Arabic Punctuation Restoration Model (BiLSTM)
This is a Bidirectional LSTM (BiLSTM) model designed to restore punctuation marks in raw Arabic text. It takes unpunctuated Arabic text as input and inserts the appropriate punctuation marks.
Model Details
- Architecture: BiLSTM (2 Layers, Hidden Dim 256)
- Embeddings: AraVec (Twitter-CBOW 300d)
- Vocabulary Size: ~50k words
- Input: Raw Arabic text (with or without diacritics)
- Output: Text with restored punctuation marks
Supported Punctuation Marks
The model predicts the following punctuation marks:
| ID | Mark | Name |
|---|---|---|
| 0 | (None) | No Punctuation |
| 1 | ? | Question Mark (؟) |
| 2 | ، | Arabic Comma |
| 3 | : | Colon |
| 4 | ؛ | Arabic Semicolon |
| 5 | ! | Exclamation Mark |
| 6 | . | Period / Full Stop |
How to Use
Since this is a custom PyTorch model, you need to load the model structure and vocabulary.
Method 1: Using the Inference Script (Recommended)
Download the inference.py file from this repository to use the model easily.

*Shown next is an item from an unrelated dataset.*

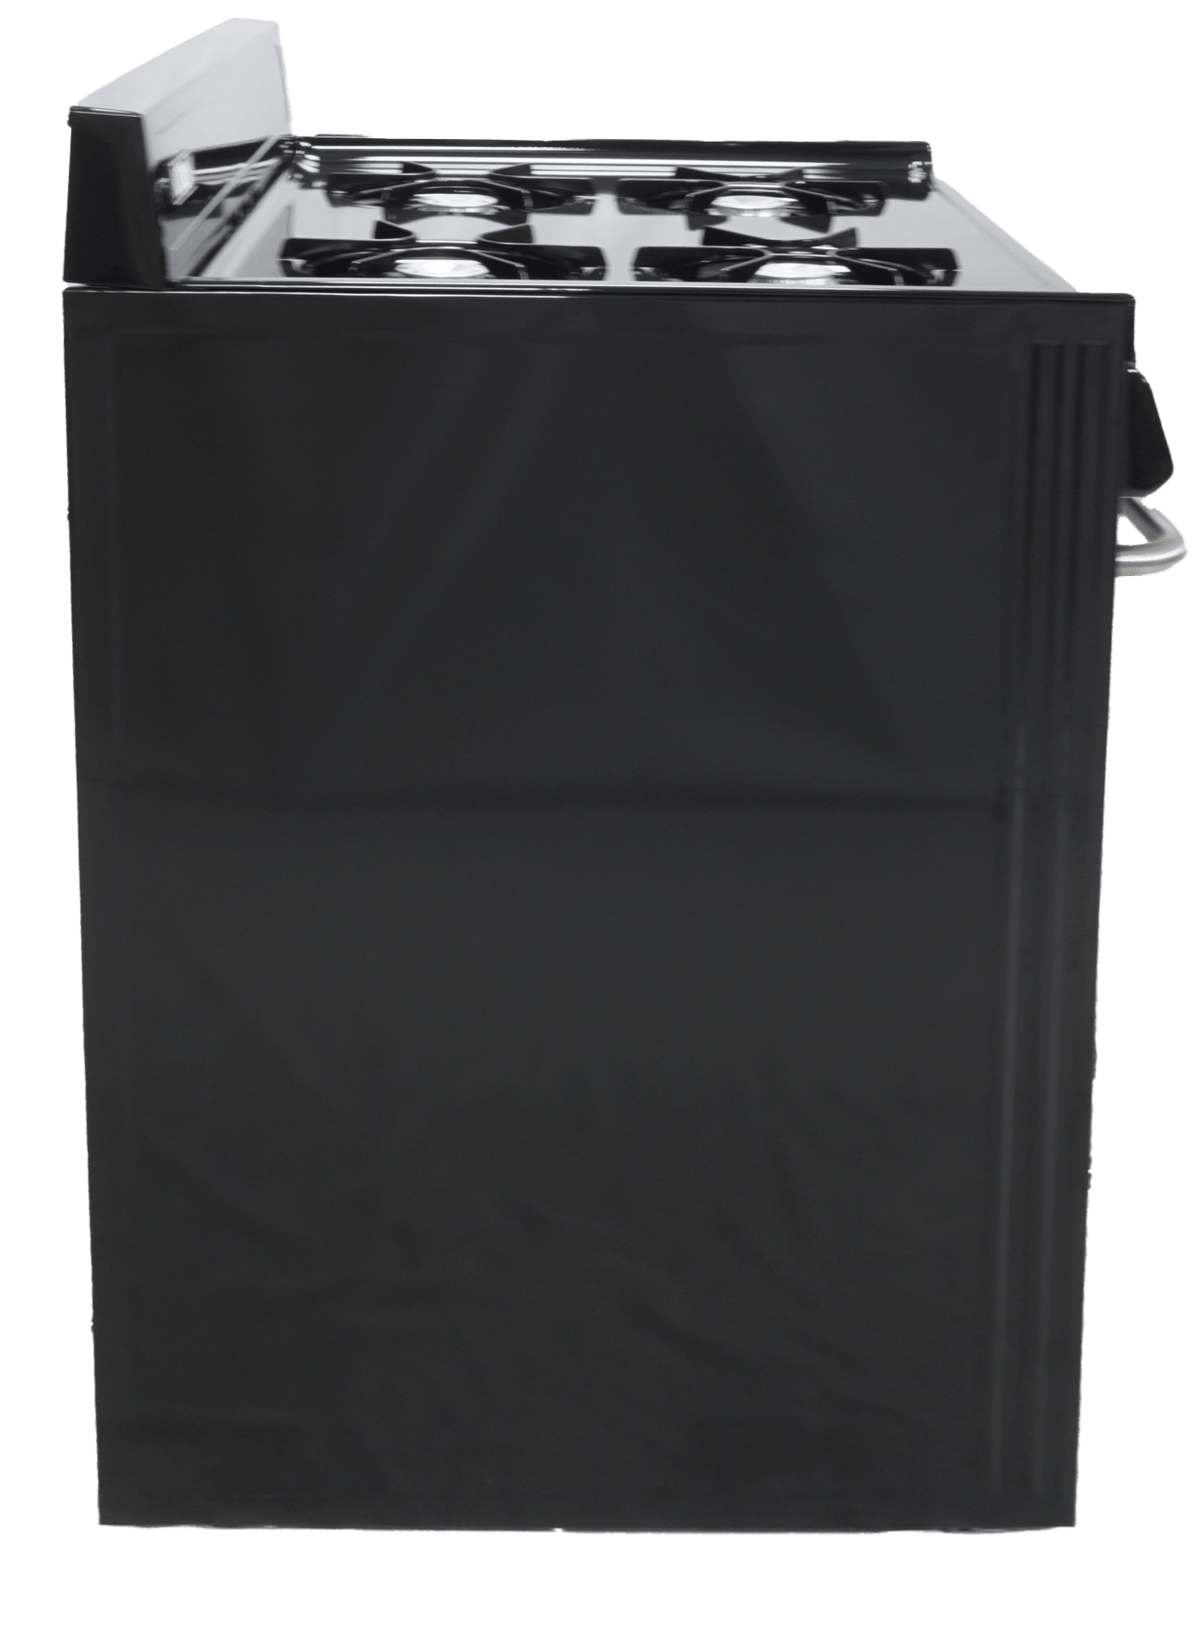 Ben&#39;s Discount Supply Propane Range /Stove Kodiak 30&quot; Propane Range (Black) Battery Ignition with Viewing Window TLM210-CPV

from huggingface_hub import hf_hub_download
import importlib.util
# 1. Download the script
script_path = hf_hub_download(repo_id="malkhuzanie/arabic-punctuation-checkpoints", filename="inference.py")
# 2. Load the script
spec = importlib.util.spec_from_file_location("inference", script_path)
inference = importlib.util.module_from_spec(spec)
spec.loader.exec_module(inference)
# 3. Initialize and Predict
model = inference.PunctuationRestorer()
text = "هل تساءلت يوما عن معنى الحياة ما هي الأسئلة التي تشغل بالك"
print(model.predict(text))
# Output: هل تساءلت يوماً عن معنى الحياة؟ ما هي الأسئلة التي تشغل بالك؟